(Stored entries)
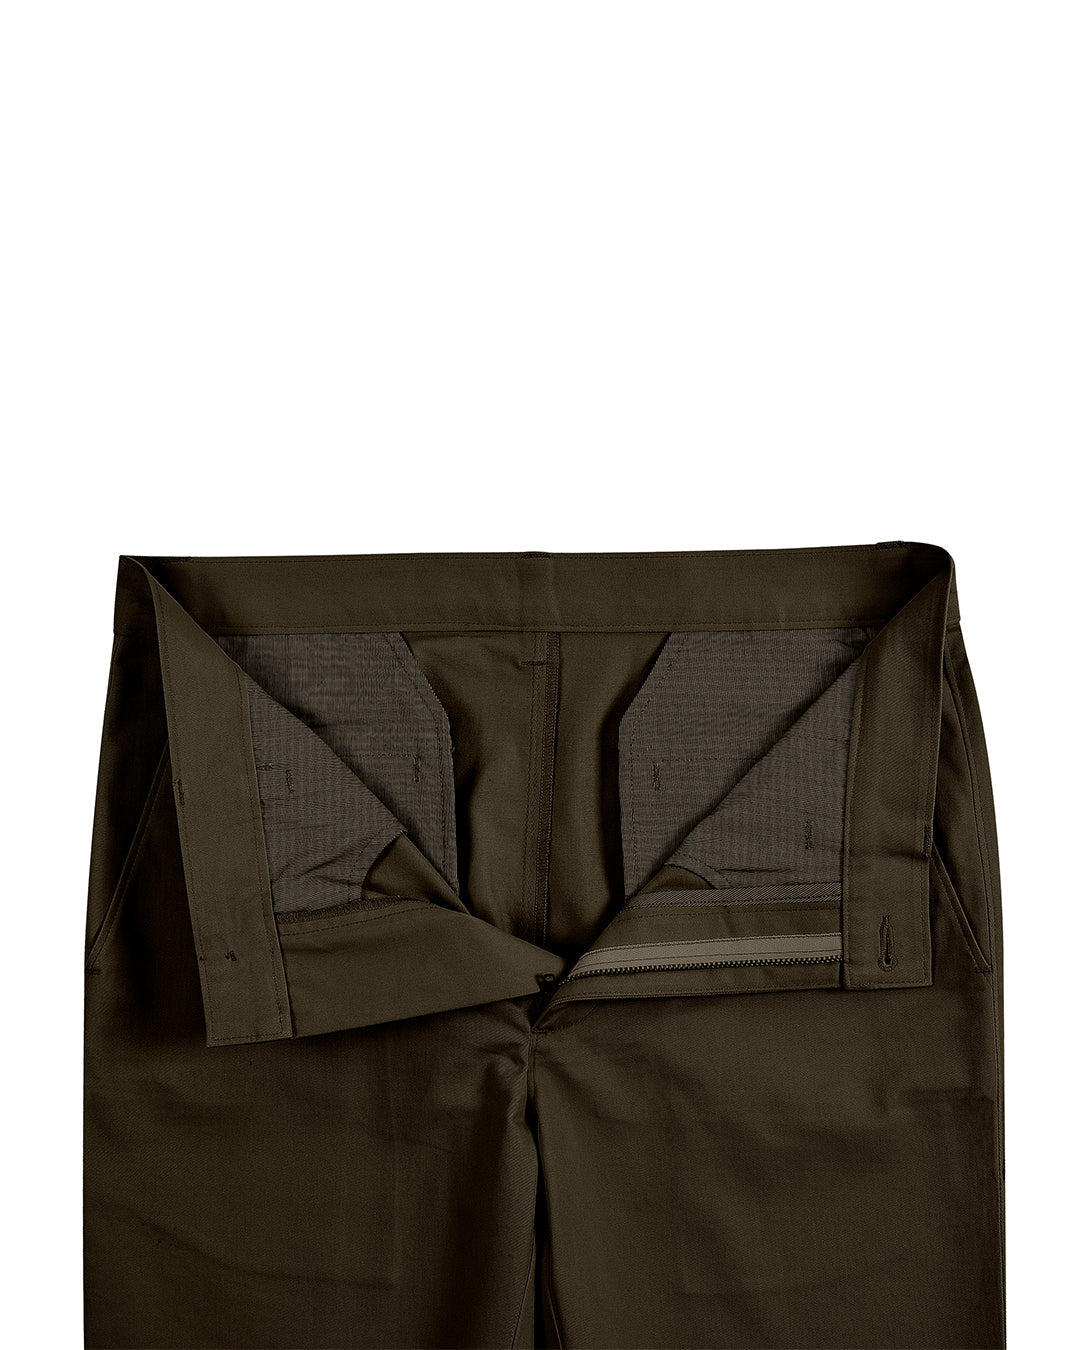 Open front view of custom Genoa Chino pants for men by Luxire in choco brown
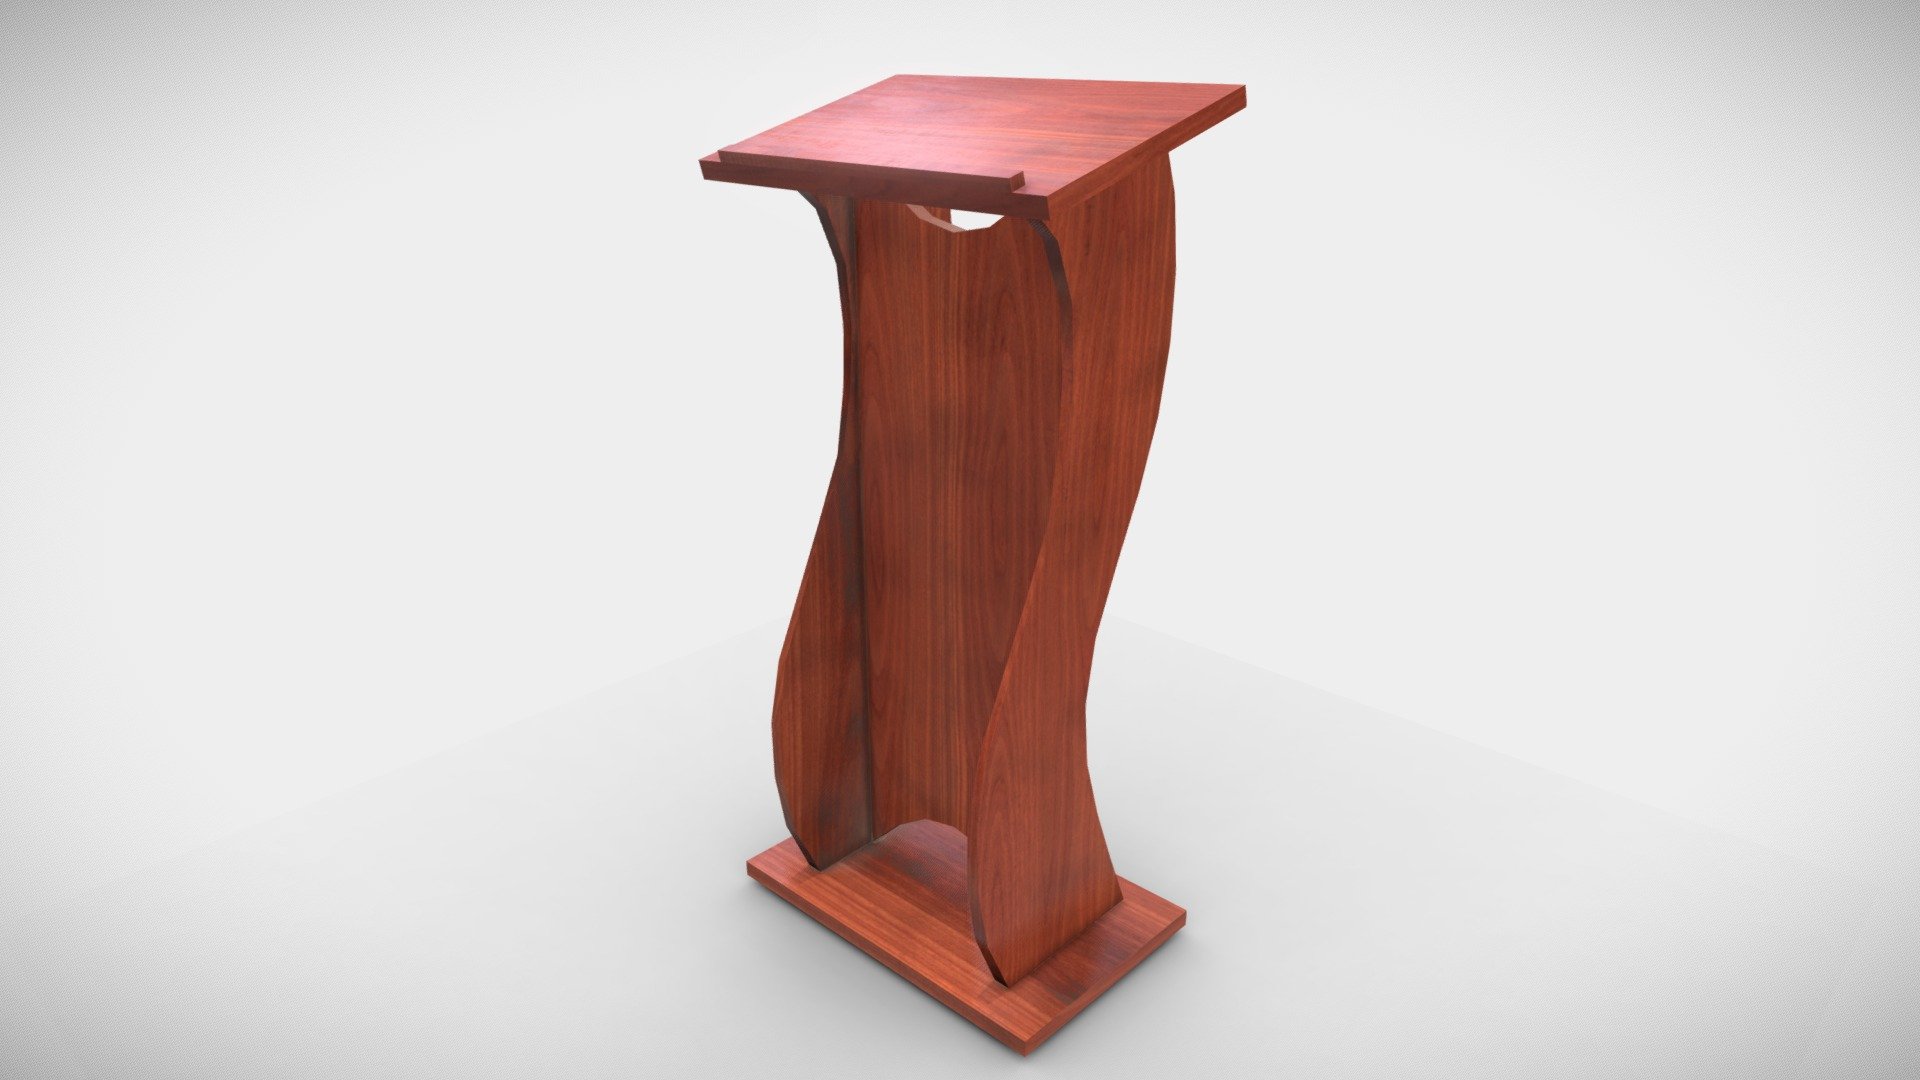 This is a 3D model of a Wooden Curved Pulpit

Made in Blender 2.9x (Cycles Materials) and Rendering Cycles.
Main rendering made in Blender 2.9 + Cycles using some HDR Environment Textures Images for lighting which is NOT provided in the package!

What does this package include?

3D Modeling of a Wooden Curved Pulpit
2K and 4K Textures (Base Color, Normal Map, Roughness, Ambient Occlusion) 

Important notes

File format included - (Blend, FBX, OBJ, MTL)
Texture size -  2K and 4K 
Uvs non - overlapping
Polygon: Quads
Centered at 0,0,0
In some formats may be needed to reassign textures and add HDR Environment Textures Images for lighting.
Not lights include 
Renders preview have not post processing
No special plugin needed to open the scene.

If you like my work, please leave your comment and like, it helps me a lot to create new content.

If you have any questions or changes about colors or another thing, you can contact me at  we3domodel@gmail.com - Wooden Curved Pulpit - Buy Royalty Free 3D model by We3Do (@giovanny) 3d model
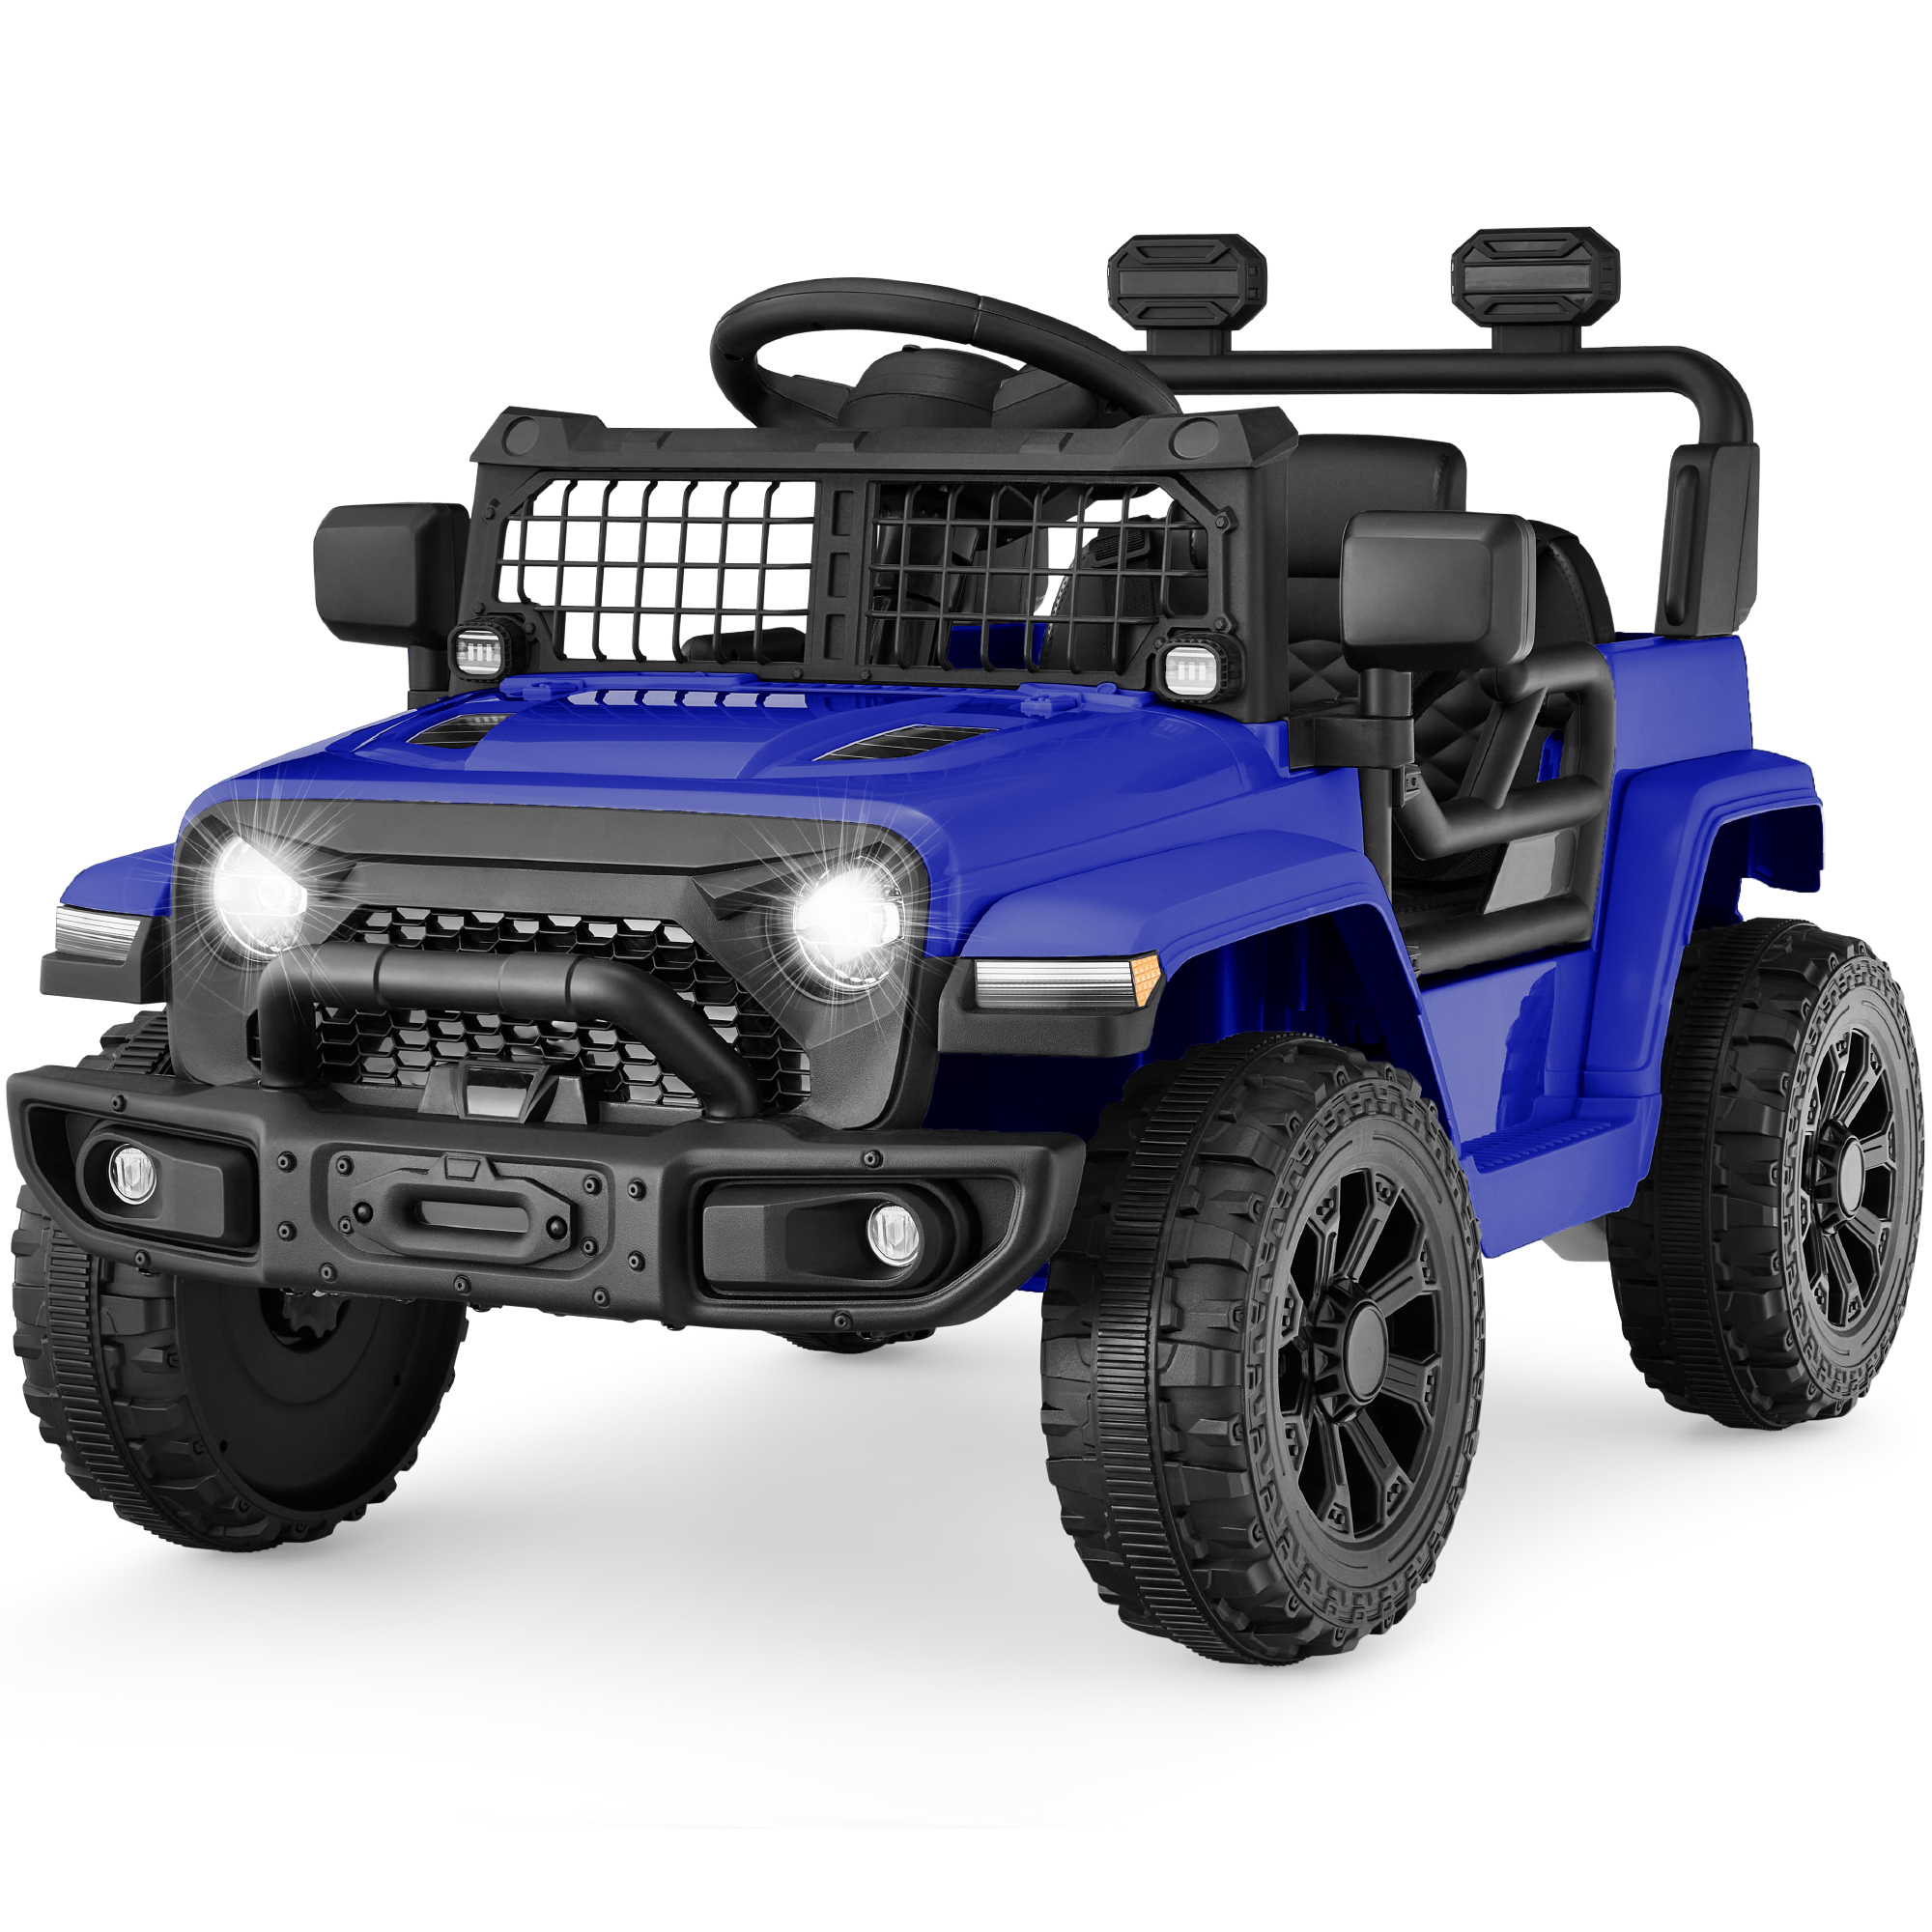 Best Choice Products 6V Kids Ride-On Truck Car w/ Parent Remote Control, 4-Wheel Suspension, LED Lights - Blue - image 1 of 8

Task brief:
Return exactly the lines of the data, beginning with the first and ending with the line containing "Centered at 0,0,0". Skip the pictures.

Response box:
 Open front view of custom Genoa Chino pants for men by Luxire in choco brown
 This is a 3D model of a Wooden Curved Pulpit

Made in Blender 2.9x (Cycles Materials) and Rendering Cycles.
Main rendering made in Blender 2.9 + Cycles using some HDR Environment Textures Images for lighting which is NOT provided in the package!

What does this package include?

3D Modeling of a Wooden Curved Pulpit
2K and 4K Textures (Base Color, Normal Map, Roughness, Ambient Occlusion) 

Important notes

File format included - (Blend, FBX, OBJ, MTL)
Texture size -  2K and 4K 
Uvs non - overlapping
Polygon: Quads
Centered at 0,0,0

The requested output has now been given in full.